A tiara-wearing taxidermy pig stands on a shelf in the Carnegie Science Hall office of Associate Professor of Biology Lee Abrahamsen.
“I like her smile,” says Abrahamsen. “I’ve always liked her smile. And her snout.”
It’s not exactly a Wilbur-type pig but a javelina, a New World species common in South America and the U.S. Southwest. Biology students from those areas often recognize the creature when they enter Abrahamsen’s office. “They’ve hunted javelinas,” she says. “Other students come in and say, ‘What is that?'”
The specimen in Abrahamsen’s office is a baby, she adds. Adult male javelinas can grow to 100 pounds.
Abrahamsen has enjoyed the pig, smile and all, since 1989 when she and Pamela Baker ’69, now retired as the Helen A. Papaioanou Professor Emerita of Biological Sciences, began to share a faculty position and an office in Carnegie.
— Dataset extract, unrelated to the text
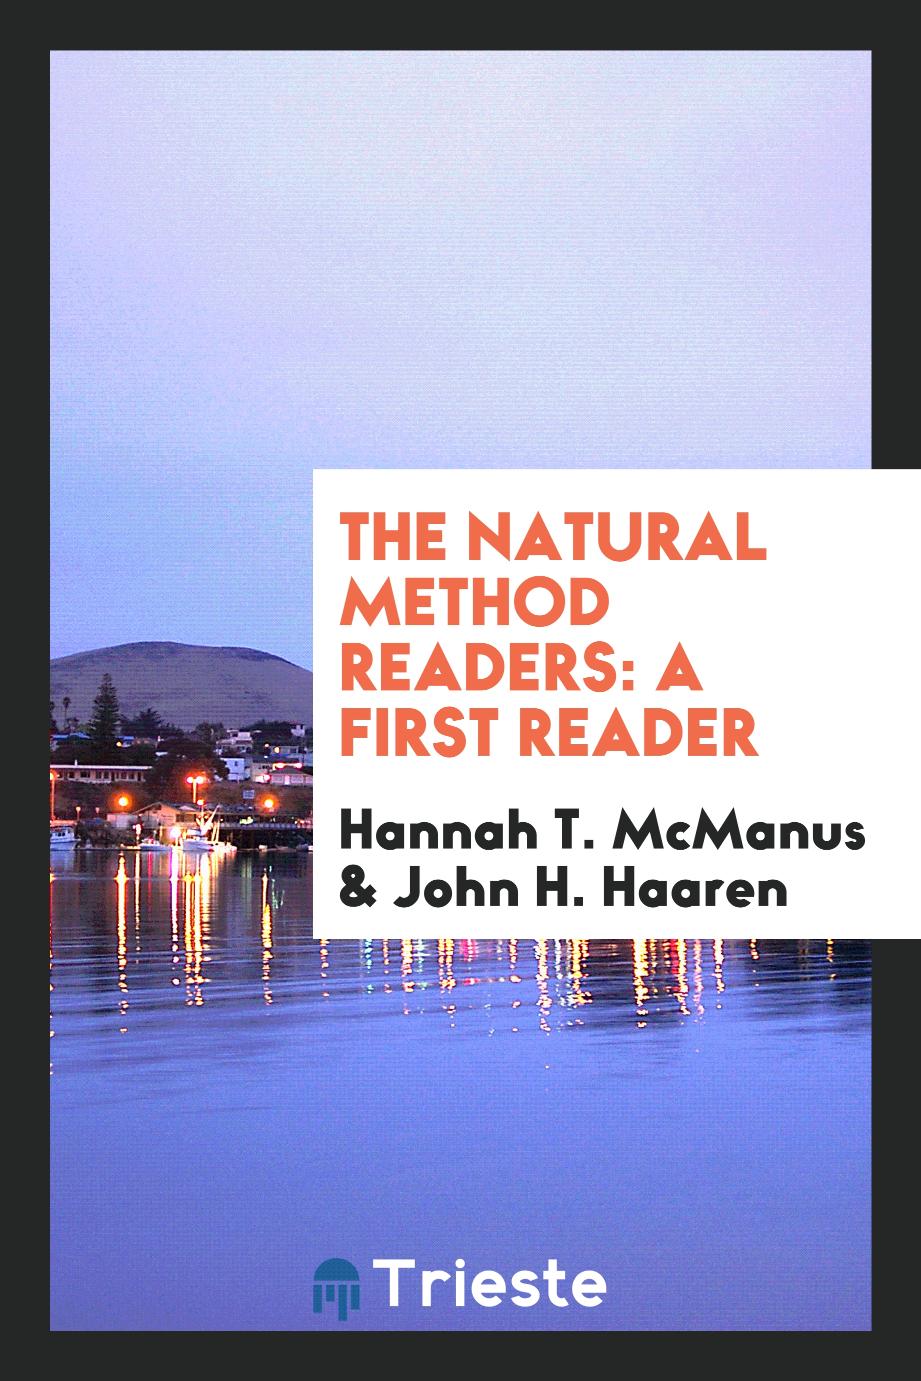 The Natural Method Readers: A First Reader

“We found it in a trash pile,” she remembers. At the time, many items in the college’s collection of pressed plants and stuffed animals, known as the Stanton Museum, were being sent to the Maine State Museum.
Baker, who had worked in the Stanton as a student, immediately recognized the pig, as well as a stuffed porcupine and squirrel. They chose to save the pig. Some pig!
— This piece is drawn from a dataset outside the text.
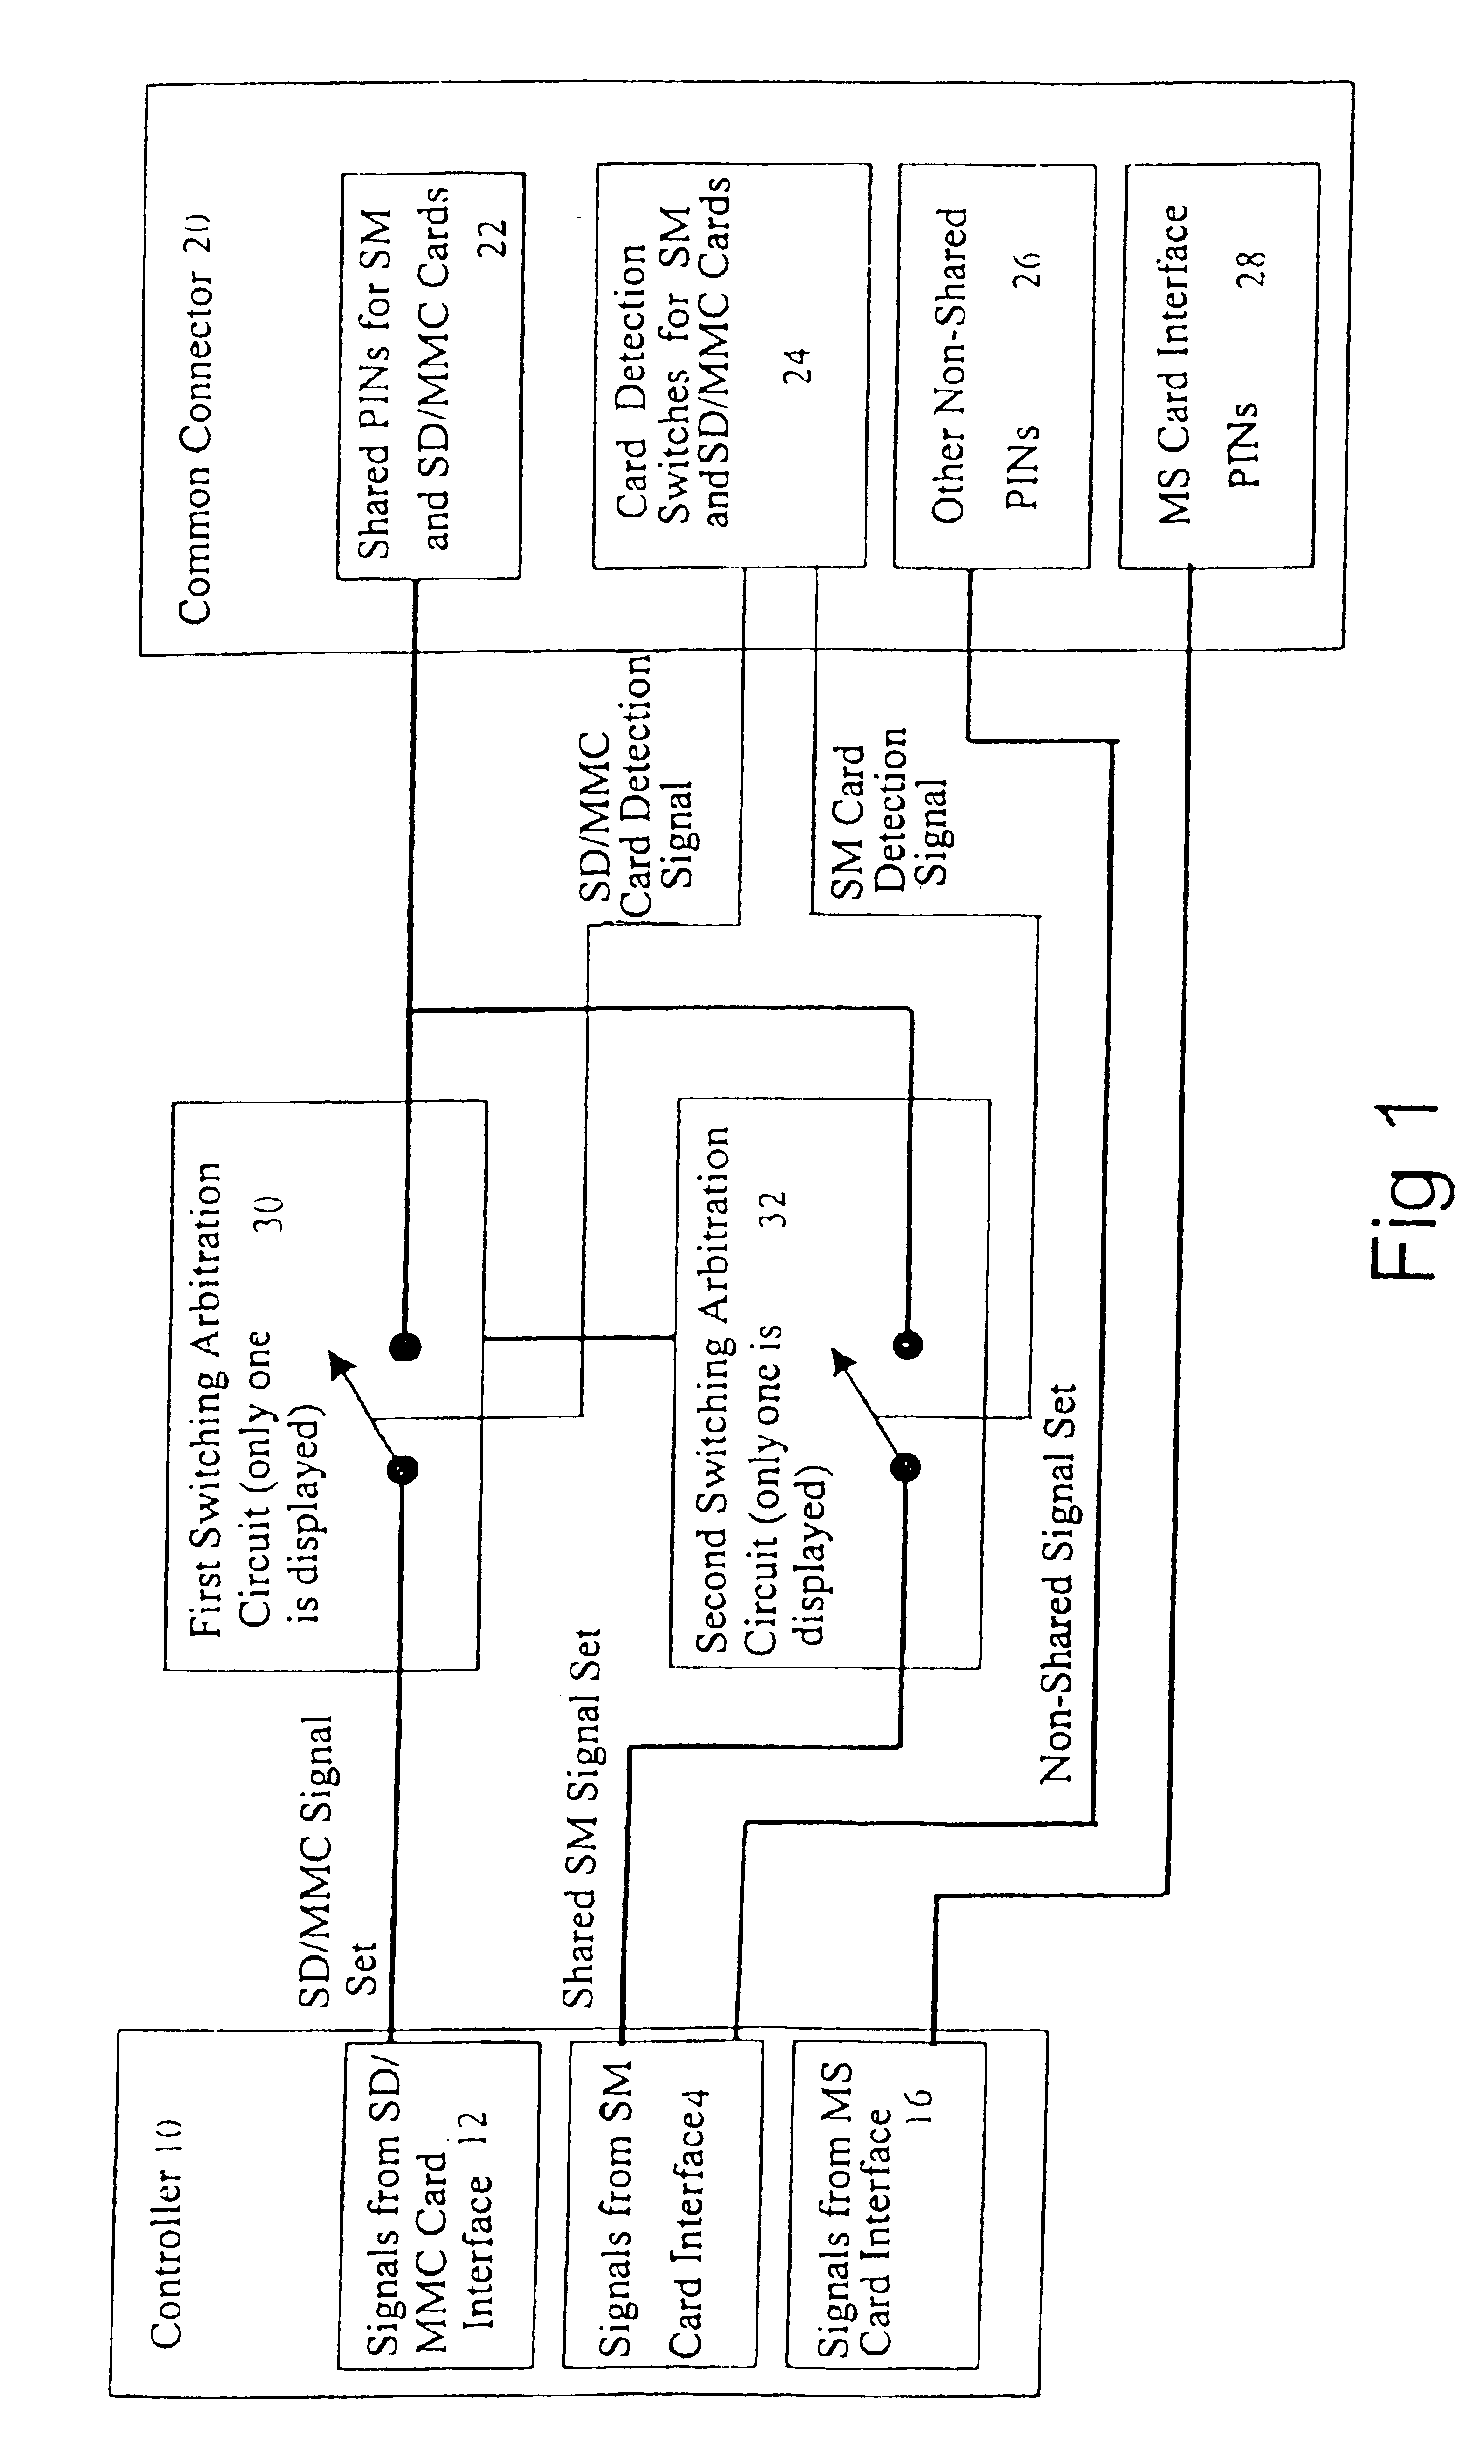 Common connector for memory cards and switching arbitration method for shared pins of a connector

“Everybody should have a tiara.”
This pig shall remain nameless. “We just always called her ‘the pig.’ We thought about it over the years and just couldn’t come up with a good one, which is odd. I name everything,” Abrahamsen says.
But that doesn’t mean she and Baker didn’t shower their “girl” with attention. Over the years, they dressed her in feather boas, pieces of glitter, and once, fairy wings. Most recently, she has sported a tiara. “At one point, Pam and I decided that everybody should have a tiara,” says Abrahamsen.
When Abrahamsen asked Baker for a pig comment, she sent a sentiment that speaks for both biologists.
“I always liked it as a reminder that all the cells and molecules that we taught about really did add up to be organisms of amazing kinds.”